Paracetamol Teva Group 500 mg tablets EFG

Package leaflet: Information for the user

Introduction

Package leaflet: information for the user

Paracetamol Teva Group 500 mg tablets EFG

Read all of this leaflet carefully before you start taking this medicine, because it contains important information for you.

Follow exactly the instructions for taking this medicine provided in this leaflet or those given by your doctor, pharmacist, or nurse.

This medicine is available without a prescription. However, to obtain the best results, it must be used carefully.

• Keep this leaflet, as you may need to read it again.
• If you need advice or more information, consult your pharmacist.
• If you experience any adverse effects, consult your doctor, pharmacist, or nurse, even if they are effects not listed in this leaflet. See section 4.
• You should consult your doctor if your condition worsens or if fever persists for more than 3 days of treatment, or if pain lasts for more than 5 days.

Contents of the leaflet

1. What Paracetamol Teva Group is and what it is used for
2. What you need to know before taking Paracetamol Teva Group
3. How to take Paracetamol Teva Group
4. Possible side effects
5. How to store Paracetamol Teva Group
6. Contents of the pack and other information

1. What Paracetamol Teva Group is and what it is used for

Paracetamol belongs to a group of medicines called analgesics and antipyretics.

Paracetamol is used for the treatment of mild to moderate pain and febrile conditions in adults and children aged 12 years and older (or with a body weight above 40 kg).

2. What you need to know before starting to take Paracetamol Teva Group

Do not take Paracetamol Teva Group:

If you are allergic (hypersensitive) to paracetamol, or to any of the other ingredients of this medicine (listed in section 6).

Take special care with Paracetamol Teva Group:

• Do not take more medicine than the recommended dose stated in section 3, How to take Paracetamol Teva Group.
• Avoid taking this medicine together with other medicines containing paracetamol, such as cold and flu remedies, because high doses may cause liver damage.

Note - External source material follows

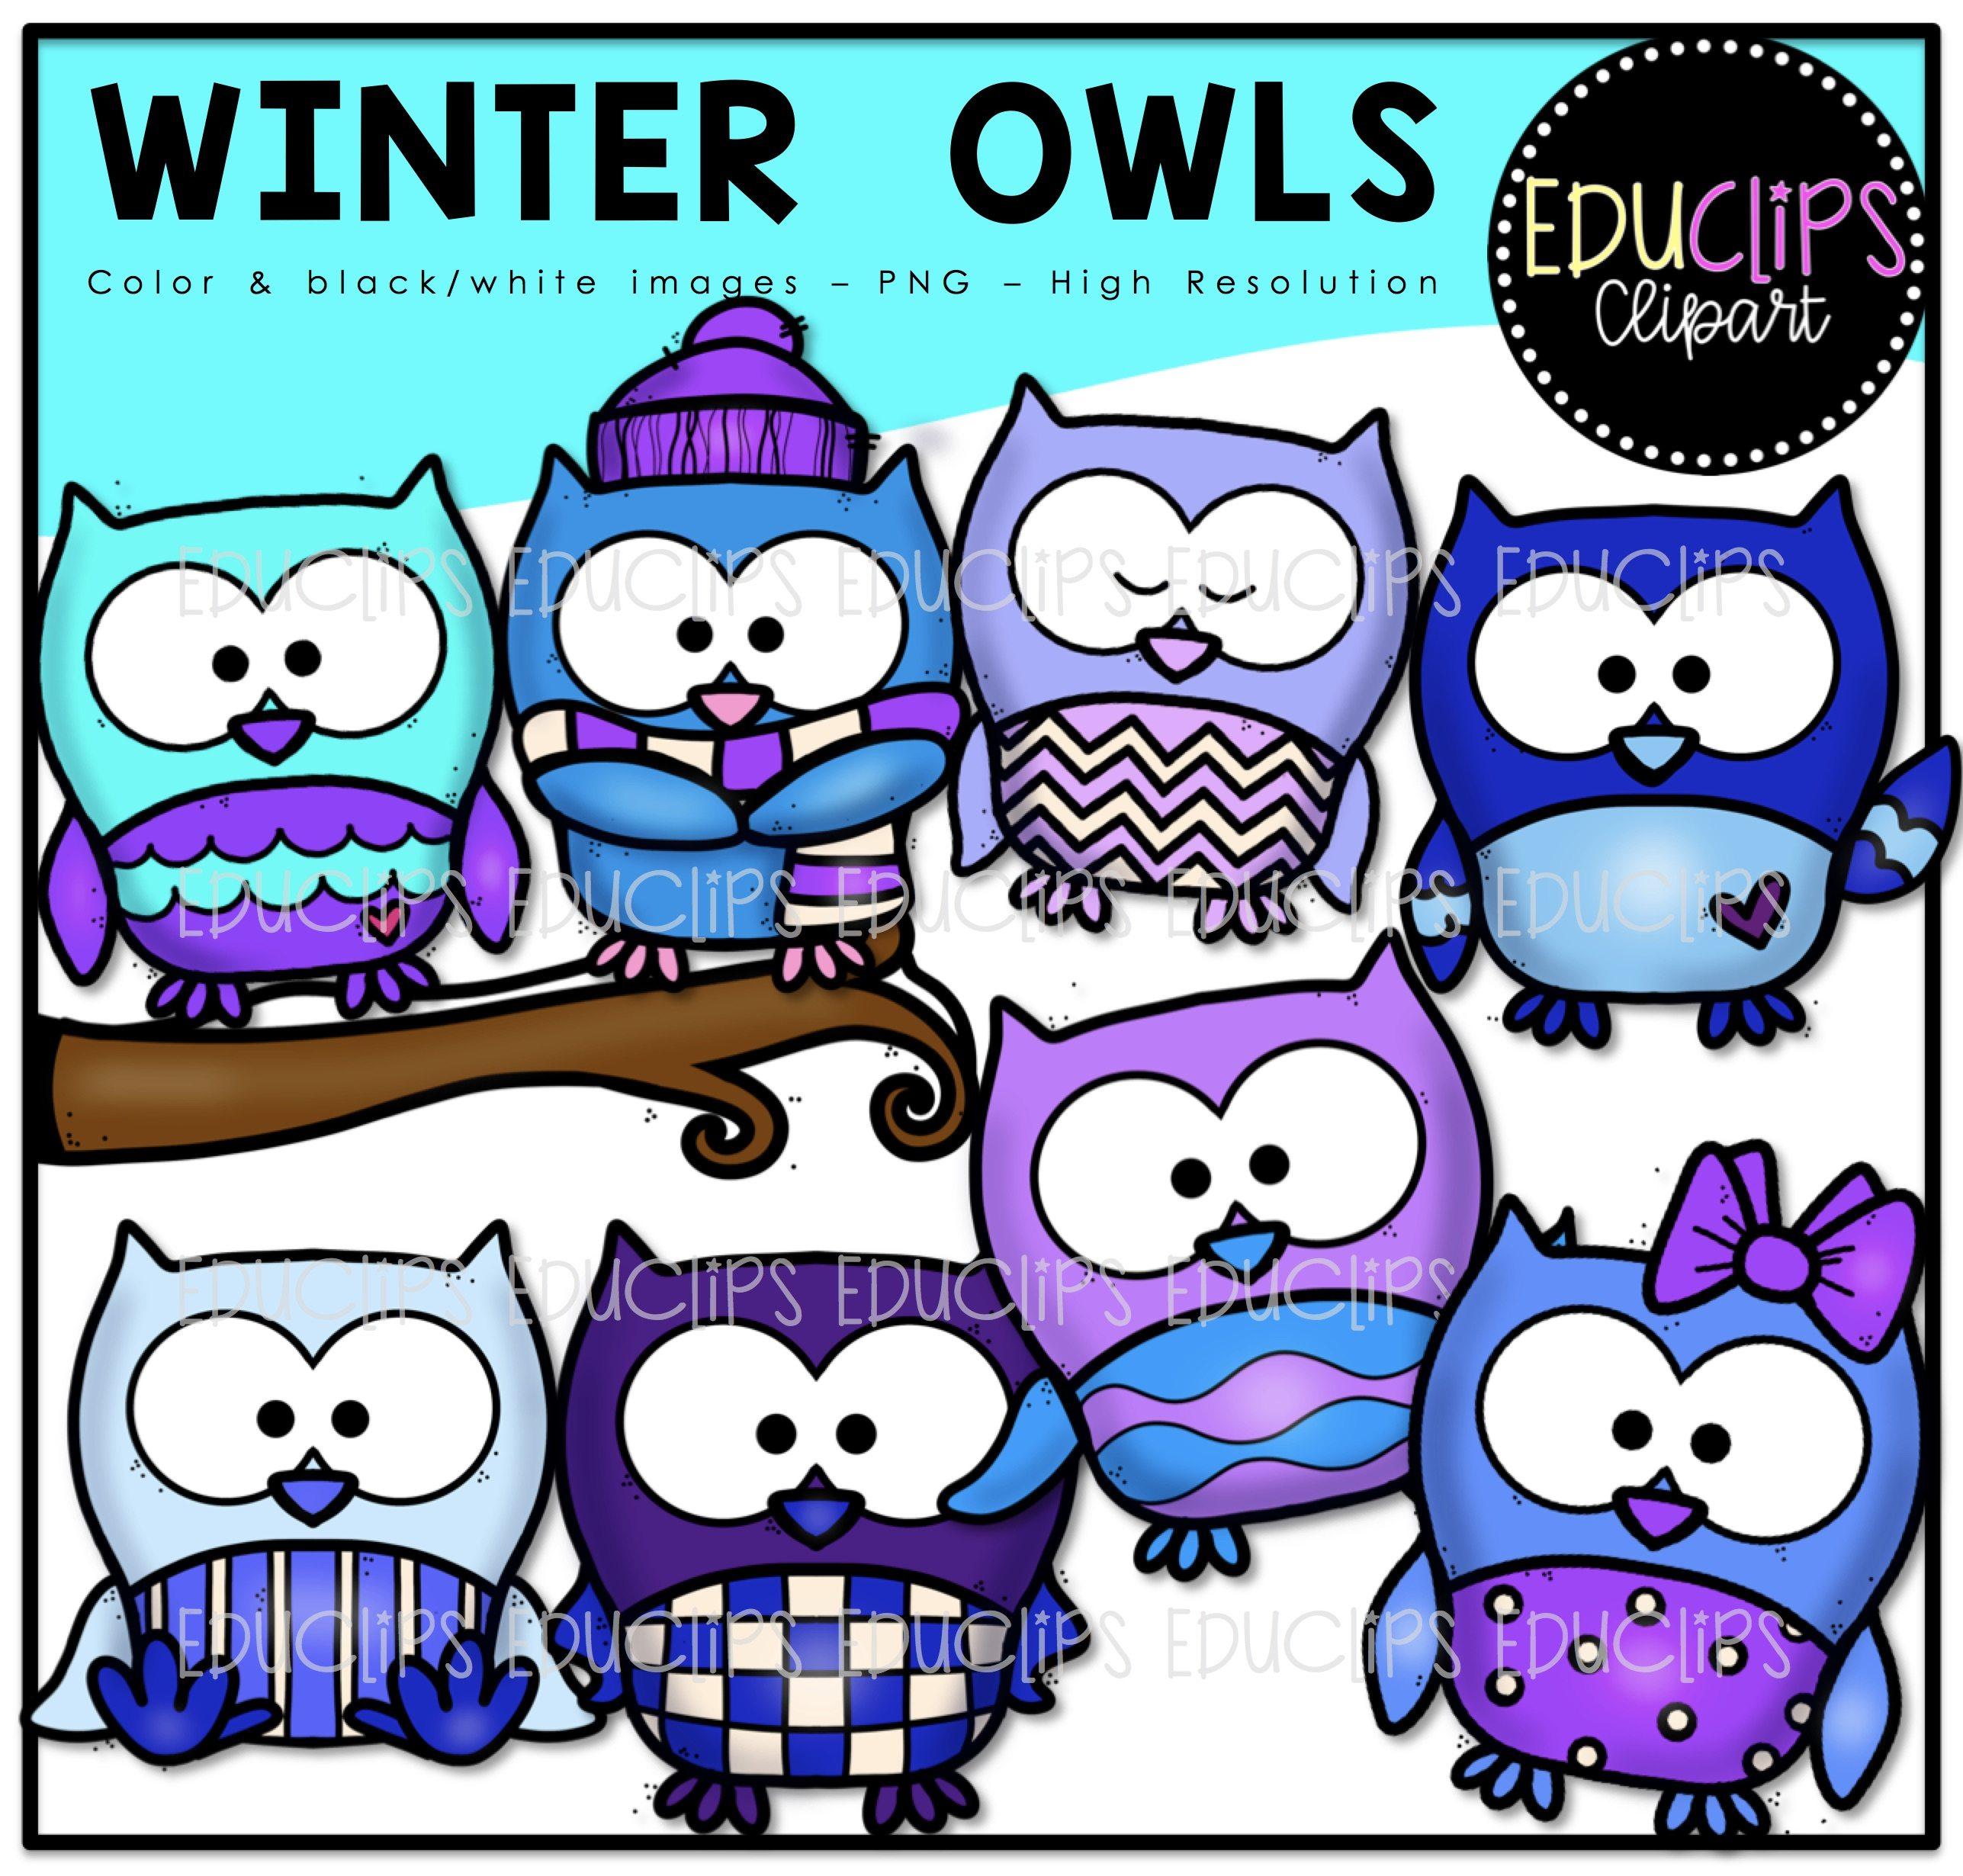 Color and art - Winter Owls Clip Art Bundle Color And B W

Do not use more than one medicine containing paracetamol without consulting your doctor.
• If you are an asthmatic patient sensitive to acetylsalicylic acid, consult your doctor before taking this medicine.
• If you have liver, kidney, heart, or lung disease, or suffer from anemia (reduced hemoglobin levels in the blood, with or without a reduction in red blood cells), consult your doctor before taking this medicine.
• If you are being treated with antiepileptic medicines, consult your doctor before taking this medicine, as concomitant use may reduce efficacy and increase the hepatotoxic potential of paracetamol, especially with high-dose paracetamol regimens.
• In chronic alcoholics, caution should be taken not to exceed 4 tablets of 500 mg or 2 g per day of paracetamol.
• If pain persists for more than 5 days, fever for more than 3 days, or if pain or fever worsen or new symptoms appear, consult your doctor and reassess your clinical condition.
• For children under 10 years of age, consult your doctor or pharmacist, as other formulations with doses adapted to this patient group are available.

During treatment with paracetamol, inform your doctor immediately if:

• You have serious conditions such as severe renal failure or sepsis (when bacteria and their toxins circulate in the blood, causing organ damage), or if you suffer from malnutrition, chronic alcoholism, or are also taking flucloxacillin (an antibiotic). A serious condition called metabolic acidosis (an abnormality in blood and body fluids) has been reported in patients in these situations when paracetamol is used at regular doses over a prolonged period or when paracetamol is taken together with flucloxacillin. Symptoms of metabolic acidosis may include: severe difficulty breathing with deep and rapid breathing, drowsiness, malaise (nausea), and vomiting.

Other medicines and Paracetamol Teva Group:

Tell your doctor or pharmacist if you are using, have recently used, or might need to use any other medicines.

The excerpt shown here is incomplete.